*Your instructions*
The required output is every line from the one containing "Car Parking Reverse" through the last line of the listing below, copied exactly, pictures excluded.

*Source data*

*** Begin section ***

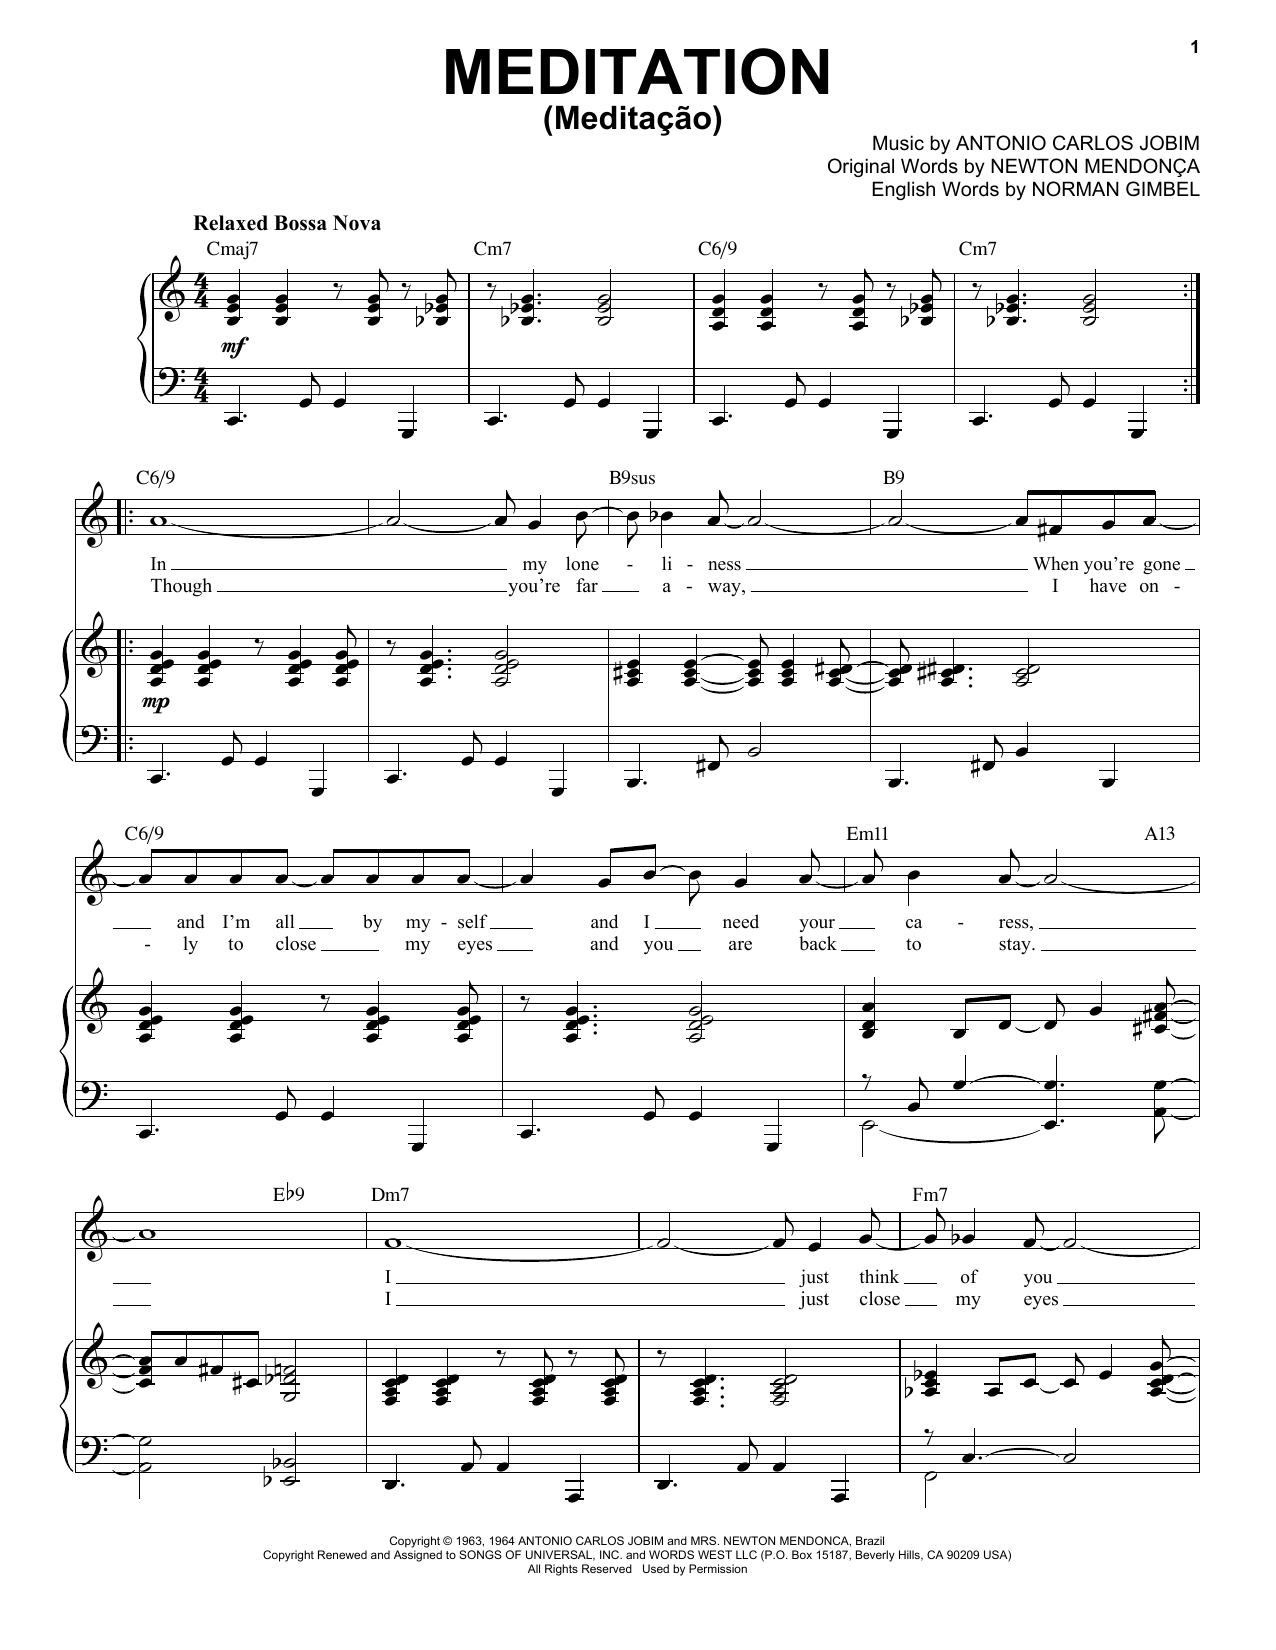 Meditation (Meditacao) [Jazz version] (arr. Brent Edstrom) (Piano & Vocal)
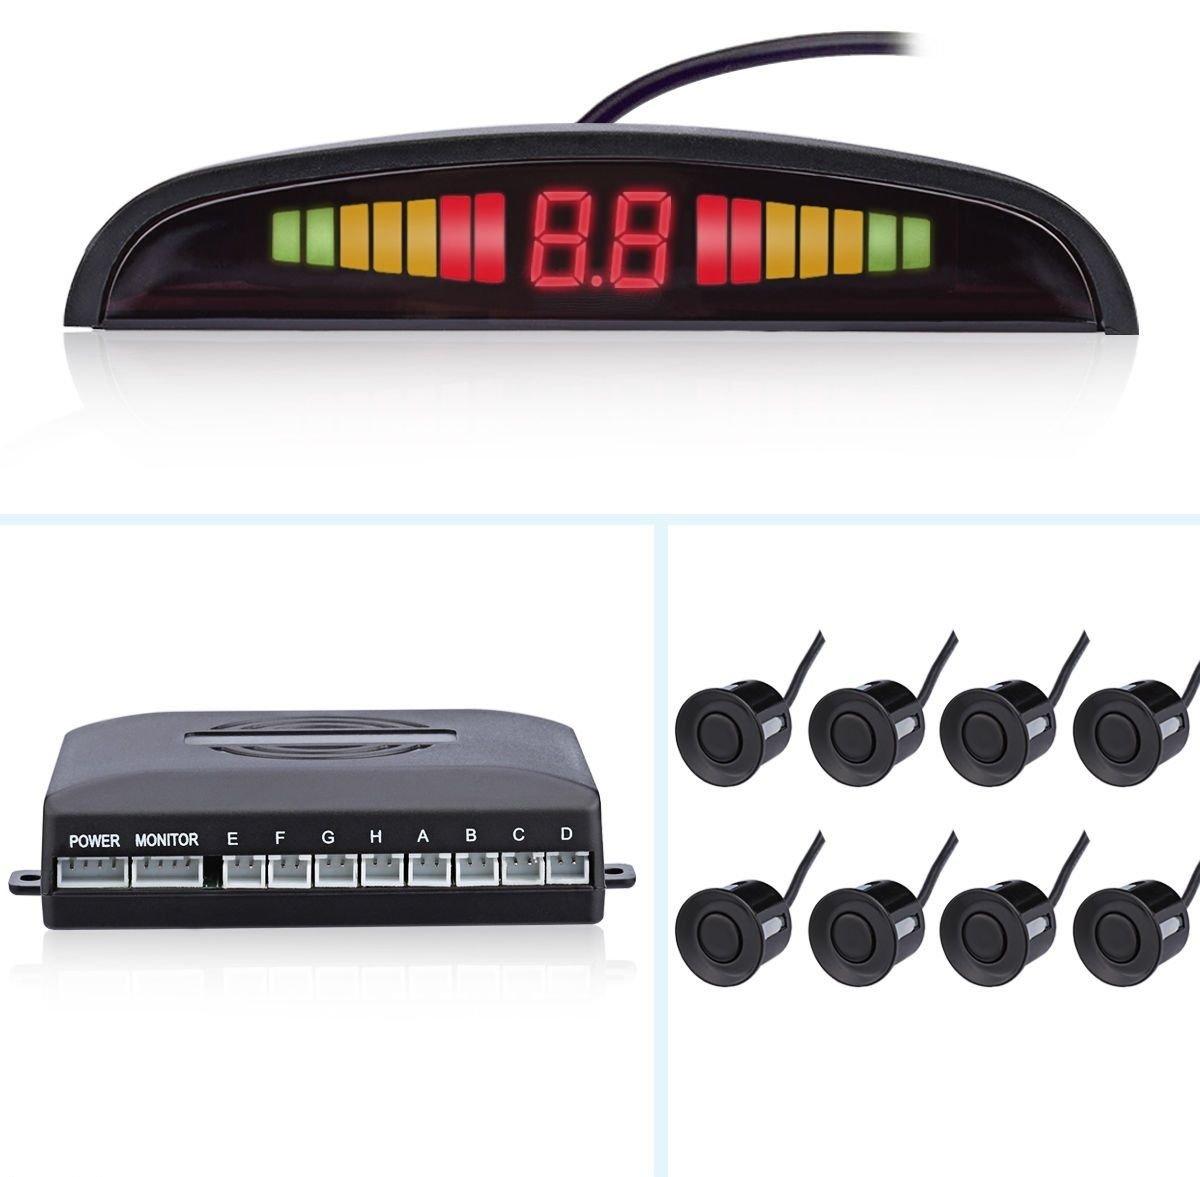 Car Parking Reverse Reversing Backup Radar System with 8 Parking Sensor Front 4 Rear 4 Kit LED Display - Black AUTOMATE®
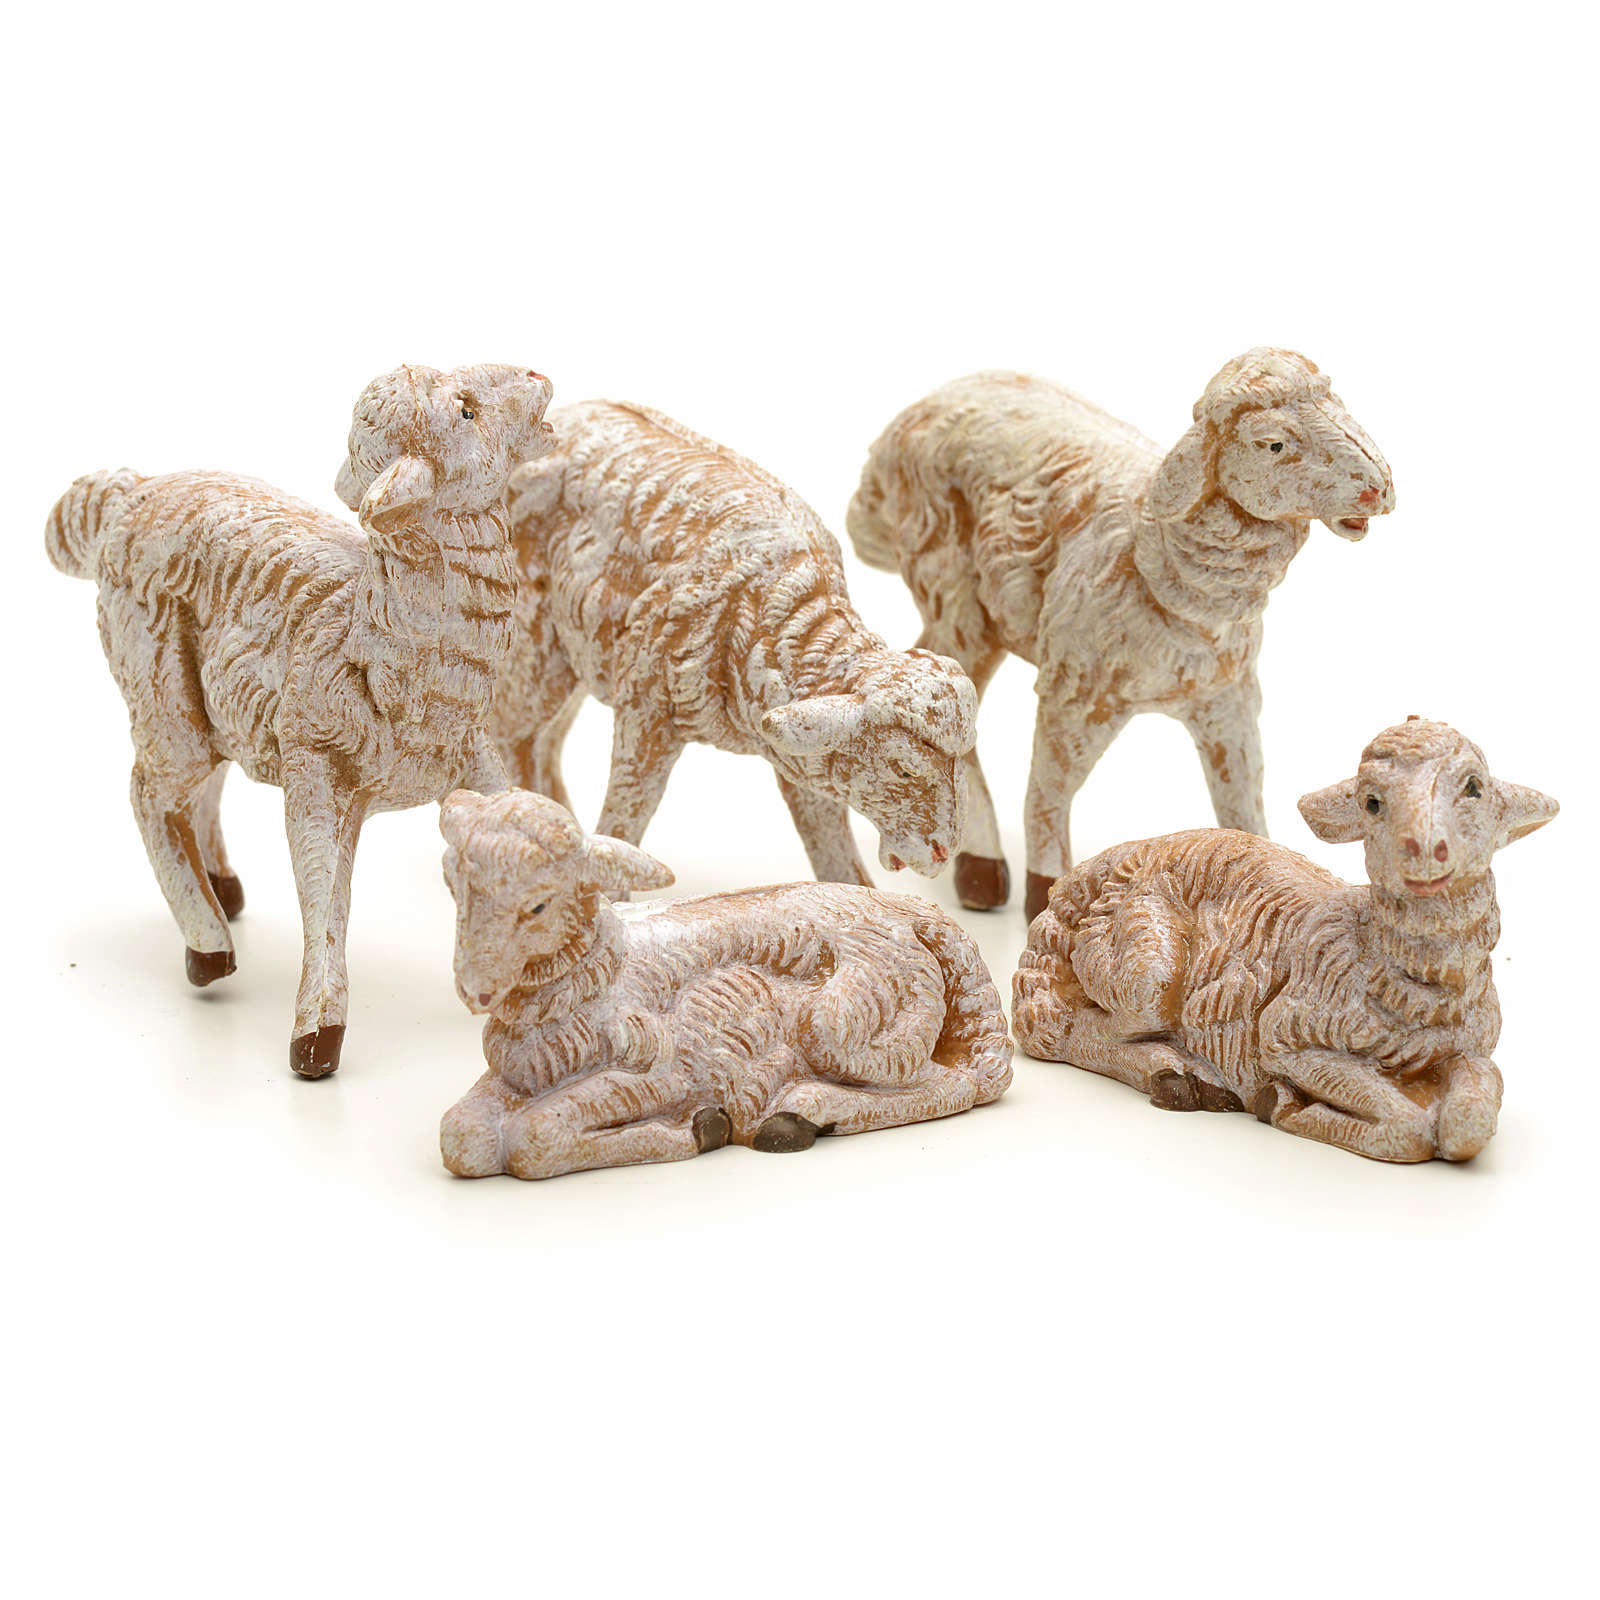 Moutons crèche Fontanini 12 cm 5 pcs 3

*** End section ***

*Solution to the problem*
 Car Parking Reverse Reversing Backup Radar System with 8 Parking Sensor Front 4 Rear 4 Kit LED Display - Black AUTOMATE®
 Moutons crèche Fontanini 12 cm 5 pcs 3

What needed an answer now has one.